Another workplace environment that has left an indelible impression for Cooper has been Borneo. In 1988, he worked on a seismic acquisitions project for Solid-State Exploration. Since then, he's made several more trips, one which was he felt placed him "in the centre spread of National Geographic."

It was a portable field operation managing 1200 persons, dressed mainly in loincloths and ringed ear lobes. Their job was mainly to produce 1200 km of seismic trail in the jungle, including about 750 km of bridging, from scratch. A delay sent Cooper on a three-day guided trip up a series of decreasingly smaller rivers, eventually leading him into the heart of one of Borneo's national parks known for its caves and bats.

The journey meant three boat changes to progressively smaller sizes, until the last boat was a dug-out, leading to a secluded cabin. His guide had prepared him a great dinner, While he was admiring the tranquility of his awesome surroundings, "I'm thinking, here I am in the heart of the Borneo, this is the last frontier that's really wild, with no civilization." The silence in this train of thought is shattered when his guide comes out from the cabin with his hands in his pockets. He invited Cooper to go to a karaoke bar. Partly out of disbelief and curiosity, he accepts. Sure enough, five miles away is a karaoke bar, when he realizes, "Then I realized that there's no such thing as an y frontier left on this planet."

The passion for his work leaves him with few regrets. At times, that has meant working 80 to 100 hours per week for clients. He is adamant about sharing his company's success with those who run the office, while he's out of town. Janice Niven and Kathryn Hill are Mustagh's two geophysical technicians. Twin sons, Michael and Jason, now 22 years-old, and both full-time university students, help their father with software development and webpage design.

Always active on at least one industry committee, Cooper is currently working on the Seismic Acquisitions Forum which occurs November 9 and 10, this year. He is also a member of the SEG, CAGC, APEGGA, CSPG and CWLS.

For recreation and personal enjoyment, outdoor pursuits, like hiking and climbing, are high on Cooper's agenda along with time well spent with his present wife Yajaira, 11-year-old daughter Kristen and three year-old son Melvin Daniel. Recently, he has taken up wakeboarding.

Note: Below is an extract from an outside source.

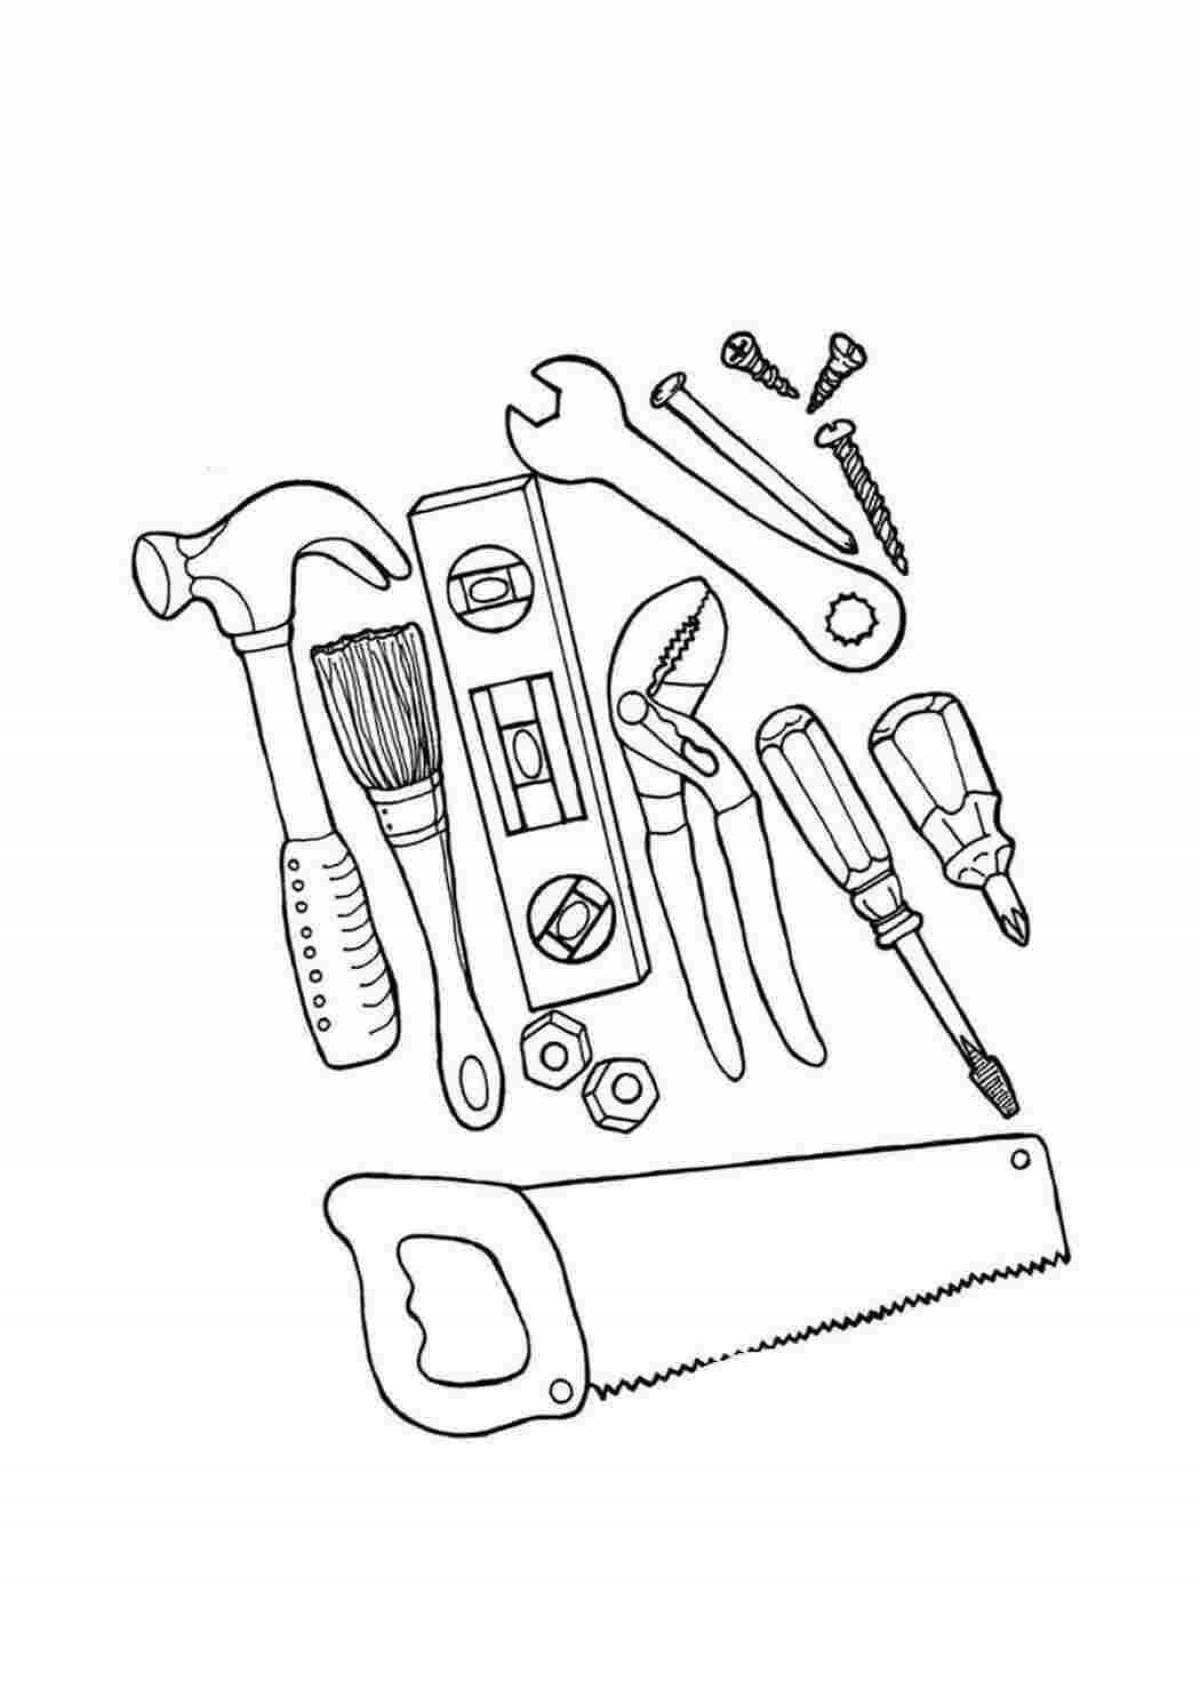 Coloring page of tools for 3-4 year olds

As he admires a picture of the Mustagh Mountain, part of him craves to visit that part of the world. Perhaps, a trip that way is possible, but for now, Cooper lets serendipity lead him. He's survived being held at knife point in Belize for a twenty dollar bill, the wild of Borneo and the pristine towers of downtown Calgary. His future calls for more learning. He still doesn't know everything about geophysics that he wants to, "I've spent all my life as a journeyman trying to use these (geophysics) tools and now I'm a craftsman, but still there's no way you can get good at all aspects...Not a day goes by when I don't learn something new."